E esse não foi o único evento do gênero. Tudo isso vem ocorrendo sem respostas equivalentes e eficientes das forças progressistas democráticas da Europa e das instituições políticas do bloco europeu que foram fundadas sob princípios democráticos e com a missão de assegurá-los.

Depois de reproduzirem os termos amistosos com que o Primeiro Ministro britânico Boris Johnson cumprimentou Andrej Duda pela vitória eleitoral, o artigo citado foi concluído com a seguinte cobrança “o desafio está agora aberto a outros líderes europeus que respondam de maneira adequada à reeleição de um candidato e de um partido que se opõe claramente aos princípios básicos da União Europeia.”

O declínio do peso econômico da Europa no mundo vem sendo apontado por analistas pelo menos há duas décadas e uma correspondente perda de relevância política desde muito é problematizada em termos de consequências para a democracia no mundo.

Neste exato momento, os governos das nações integrantes da União Europeia se veem mergulhados nas disputas locais e regionais em torno dos recursos financeiros disponibilizados para o socorro dos países mais afetados pela pandemia do coronavírus.

Pelo menos desde o Tratado de Maastricht, de 1992, uma agenda econômica pautada por objetivos orientados pela doutrina neoliberal se sobrepôs a uma agenda política de desenvolvimento regional, redução de desigualdades entre os membros e promoção de valores democráticos e de justiça social para seus mais de 500 milhões de cidadãos.

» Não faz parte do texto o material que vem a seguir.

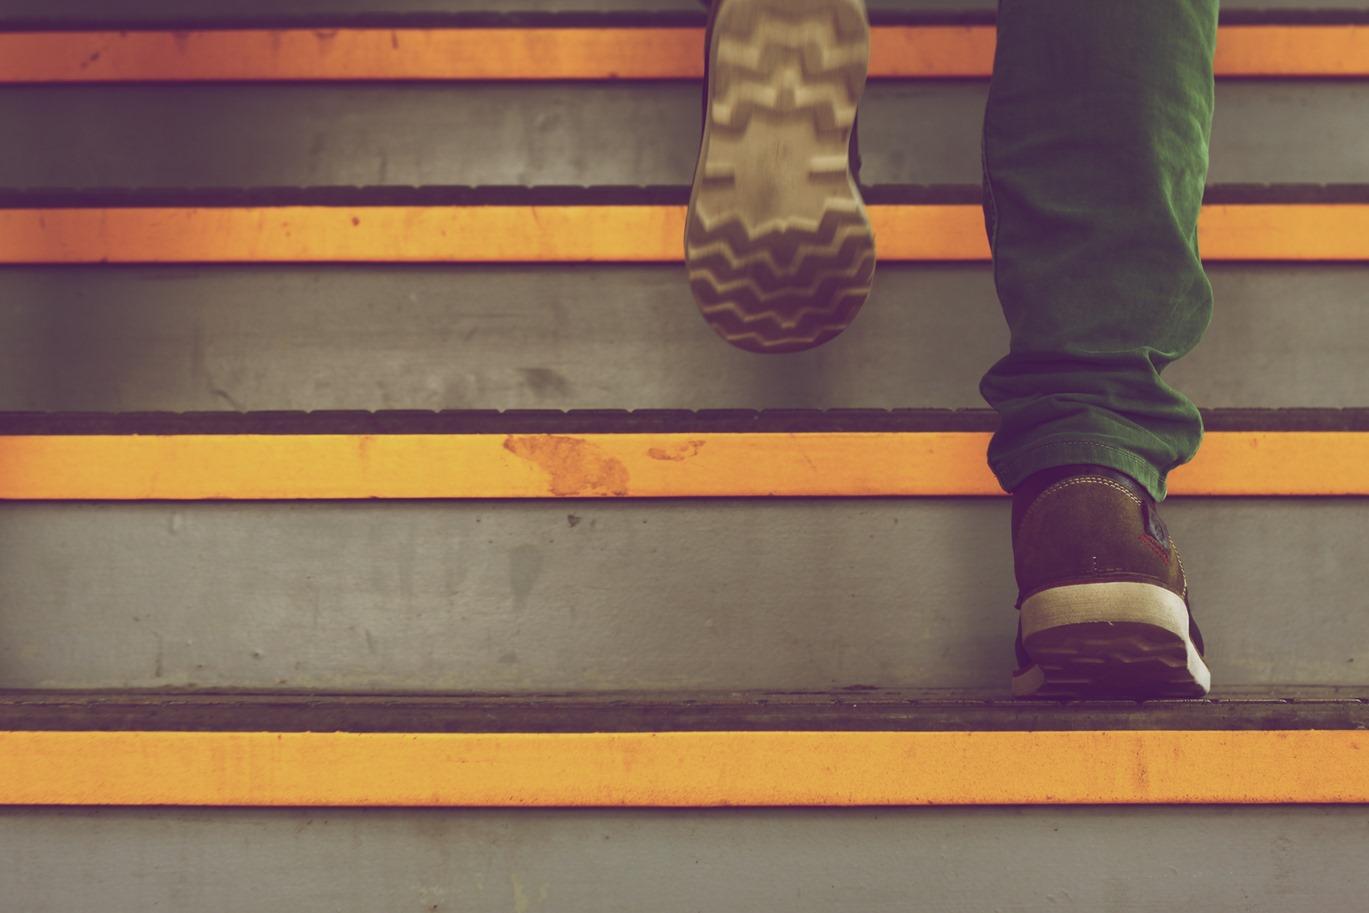 O Que Pode Estar Atrapalhando o Desenvolvimento de Seu Potencial?

Hoje, novamente diante de um quadro de graves ameaças ao futuro da democracia na região, o bloco presidido pela chanceler alemã Angela Merkel, no final de seu último mandato no mais rico país da União Europeia, vê no referido programa de ajuda econômica o legado que deixará para a história.

Do país que tanto se beneficiou do projeto integracionista europeu e que costuma exaltar sua política de manutenção permanente da memória sobre os horrores cometidos na Segunda Guerra Mundial para que nada semelhante possa se repetir, o momento demanda muito mais.

Arnaldo Cardoso, cientista político.